Angel profiles: A longitudinal study.
Freear, Sohl and Wetzel
Frontiers of Entrepreneurship Research, 1993.
The study focuses on the pattern of investment interests, post-investment relationships and investment activity of private investors in a dynamic environment. VCN's longitudinal data offer the opportunity to observe what changes have occurred in the private investor market during a period that included strong economic growth (1985-88) and recession (1989-92). By the late 1980s, professional venture capital funds had virtually ceased to offer seed and start-up financing to entrepreneurial ventures.
The investment attitudes, behaviors and characteristics of high net worth individuals.
Freear, Sohl and Wetzel
Frontiers of Entrepreneurship Research, 1992.

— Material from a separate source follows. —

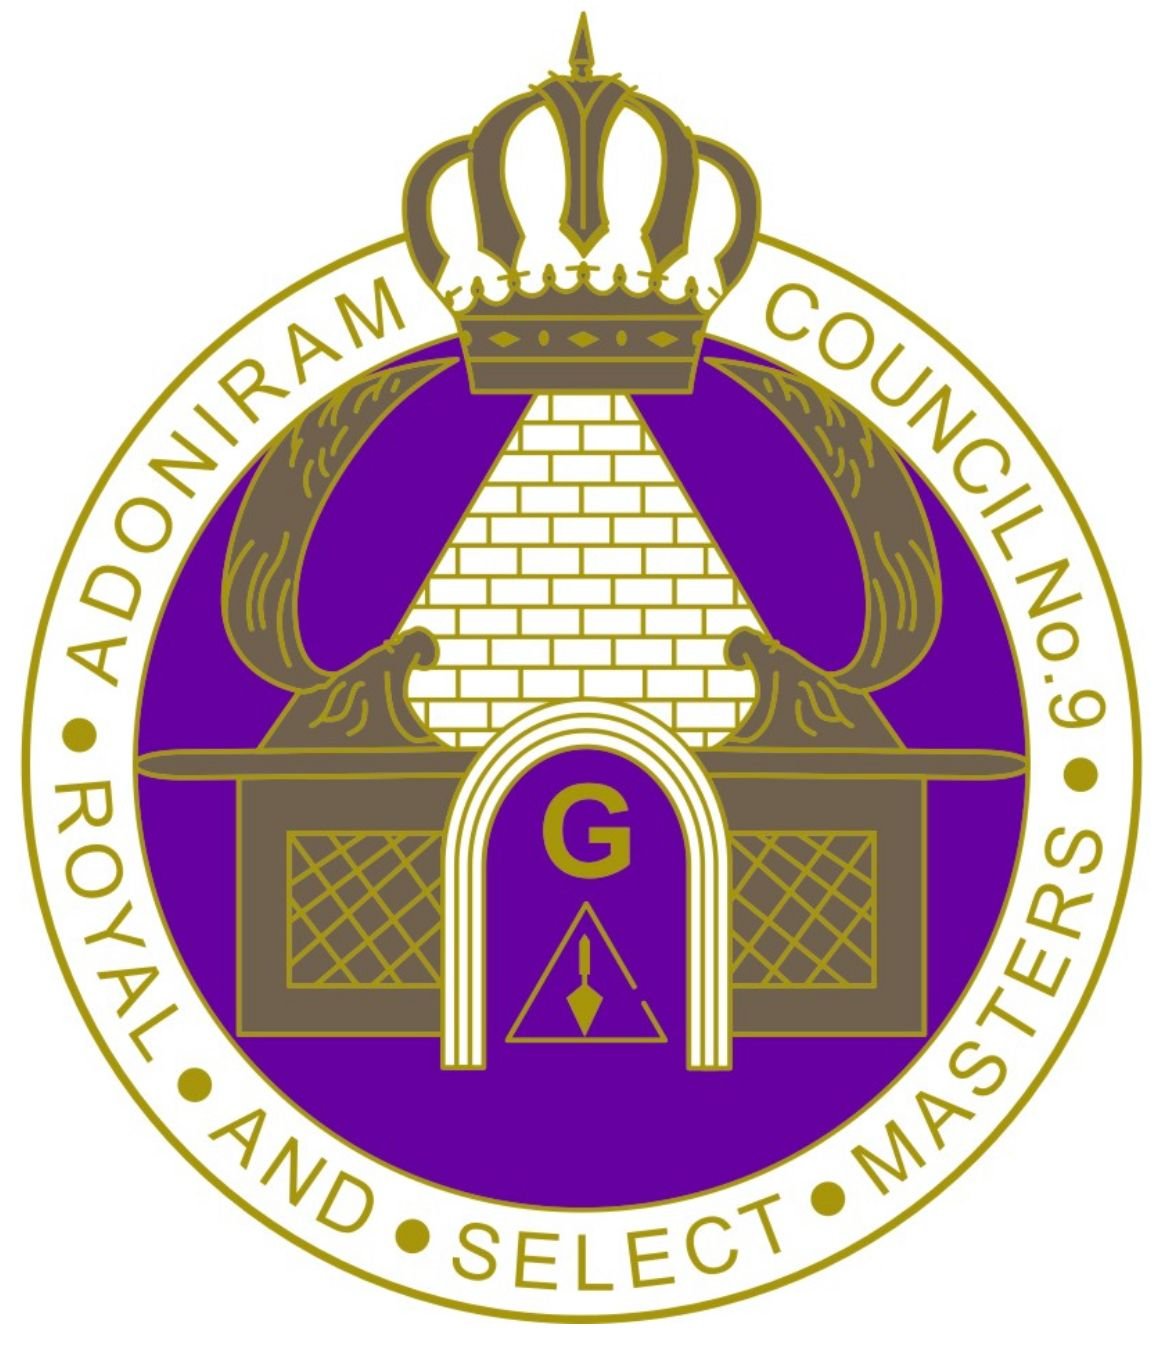 Adoniram Council No. 9

A random sample of high net worth individuals was used to collect comprehensive data from investors and non-investors in entrepreneurial ventures. This paper is limited to a discussion of the yield of investment referral sources, the significance investors attach to venture location and trends in their investment activity. For non-investors we discuss their interest in venture financing and the incentives that would induce them to become investors. Local networks of friends and business associates, as opposed to "gatekeepers", are the most productive source of opportunities. Investors are inclined to expand, rather than contract, the geographic scope of their portfolios. The rate of venture investing fell by about 50% from 1987 through 1991.

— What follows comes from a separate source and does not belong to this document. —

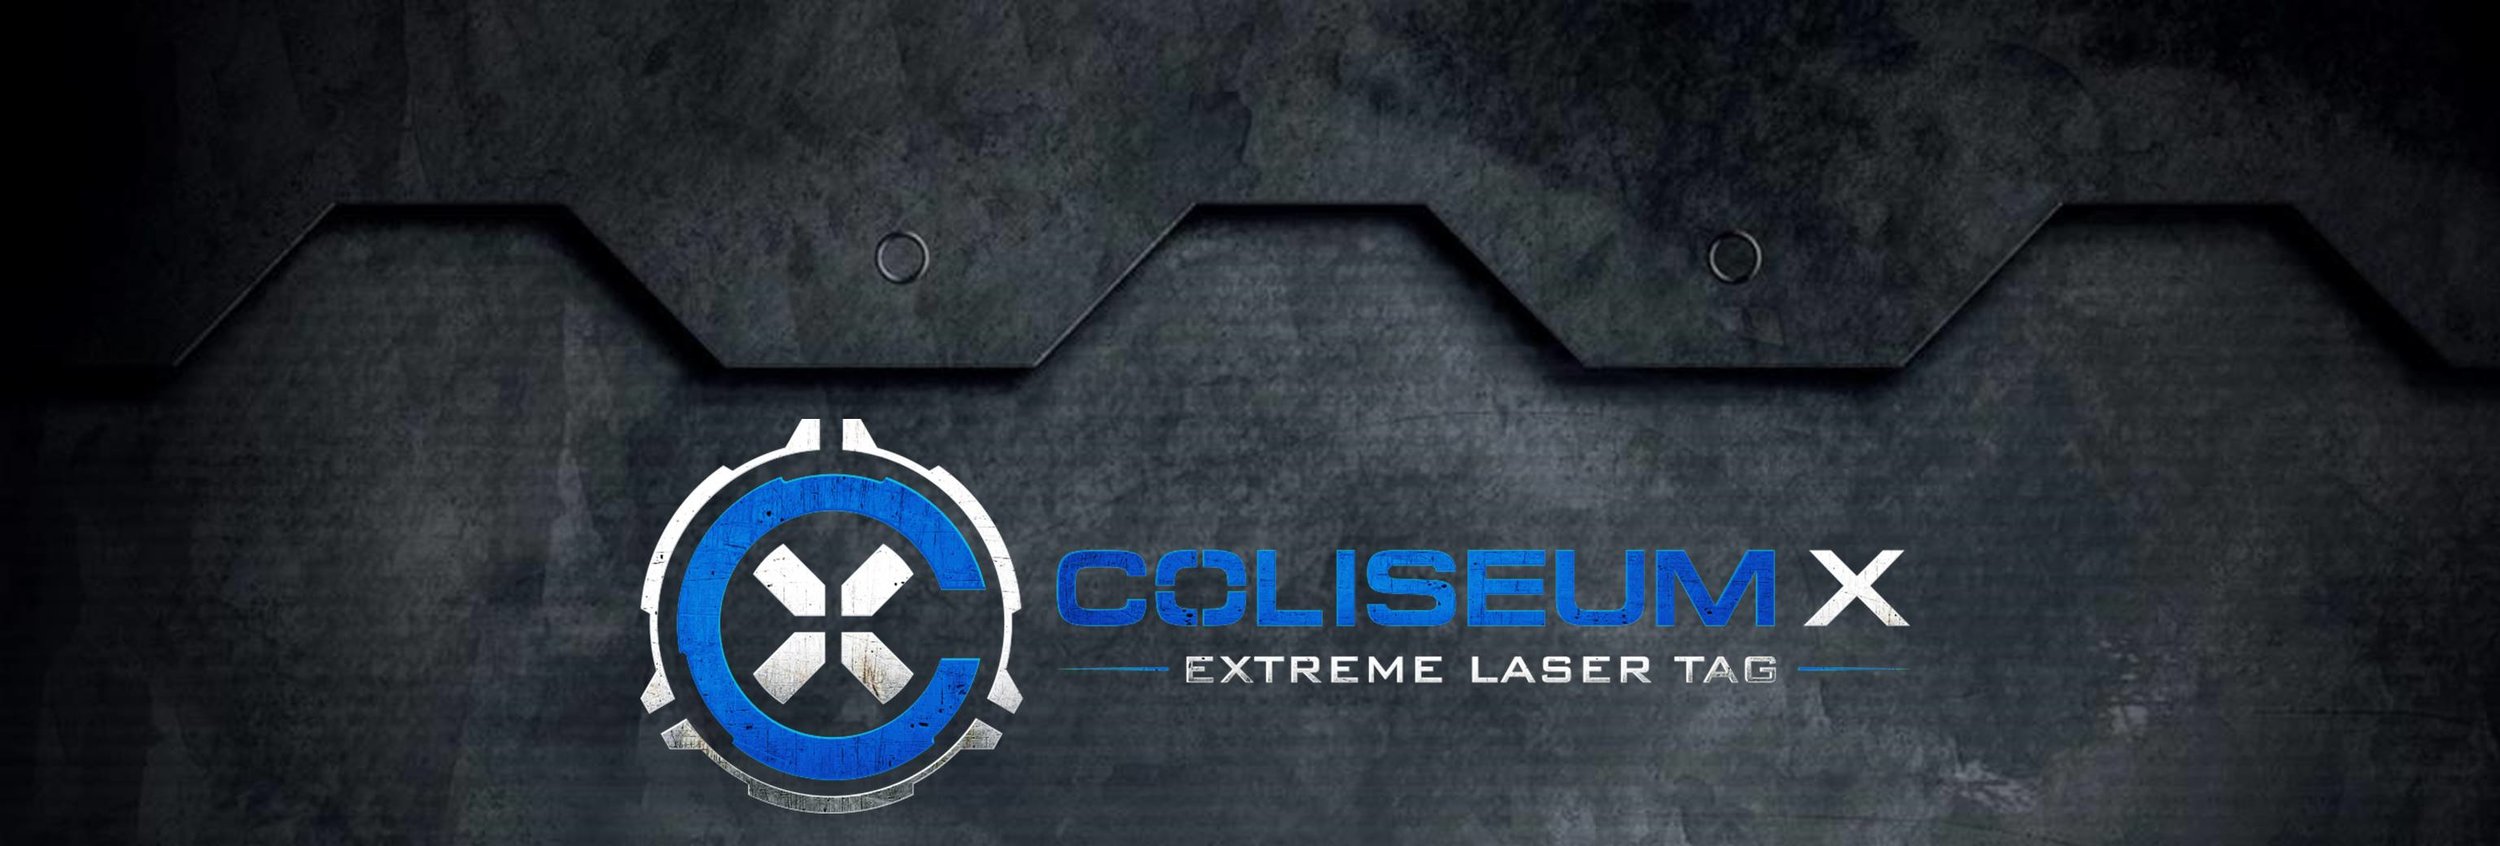 Laser X Official Website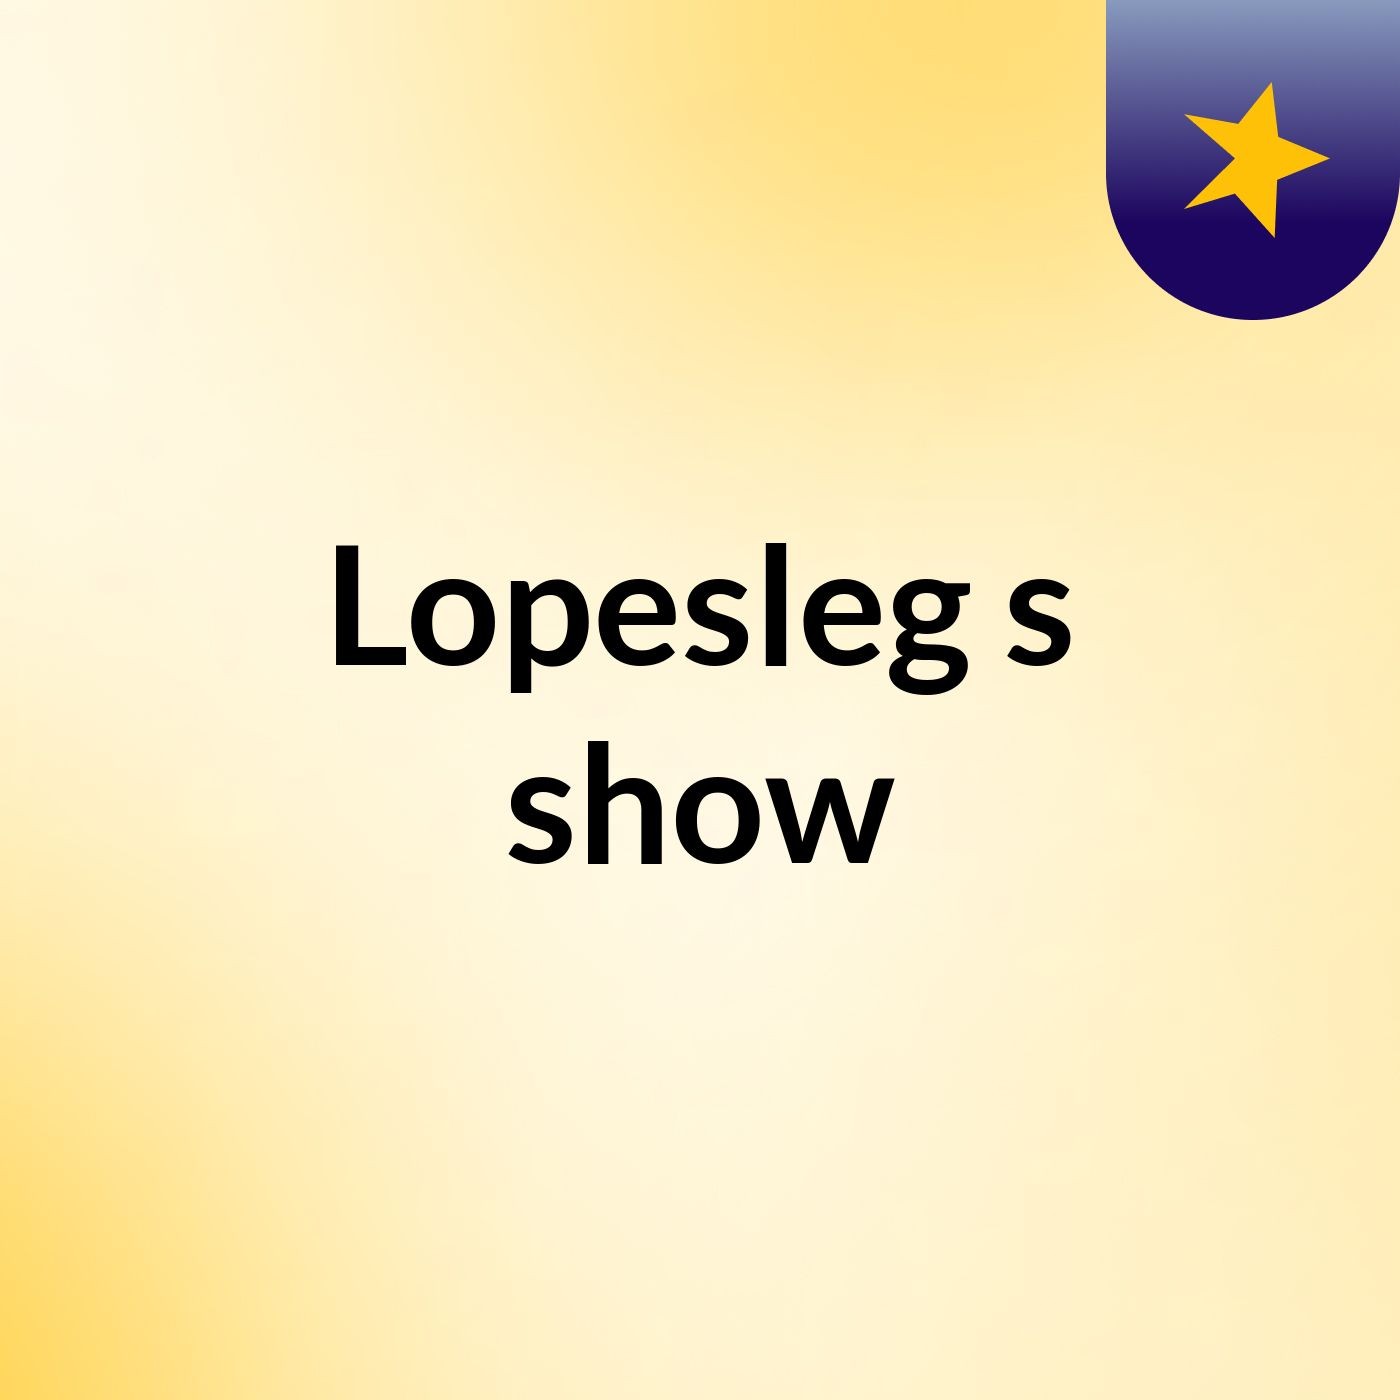 Lopesleg's show

Who bankrolls high-tech entrepreneurs?
Freear and Wetzel
Journal of Business Venturing: 1990, Volume 5, Pgs. 77-89.
Where do new technology-based firms (NTBFs) raise outside equity capital? To answer that question, financial histories were collected from 284 technology-based firms founded in New England between 1975 and 1986. Financial histories included the year of each round of financing, the source, the amount, and the stage of the financing.
The most significant outcome of this research is the conclusion that private individuals and venture capital funds play complementary rather than competing roles in the financing of NTBFs. This complementary relationship has two dimensions - size and stage. At all stages venture capital funds tend to invest substantially more dollars per round than do private individuals. Second, compared to venture capital funds, individual investors exhibit a significantly higher propensity to invest at the seed and start-up stages. Individual investors appear to have longer exit horizons and less risk aversion than venture capital funds. Individual investors provided the seed capital that launched the majority of NTBFs in the sample. In addition to their descriptive interest, the data contain useful prescriptive implications for technology-based entrepreneurs raising outside equity capital.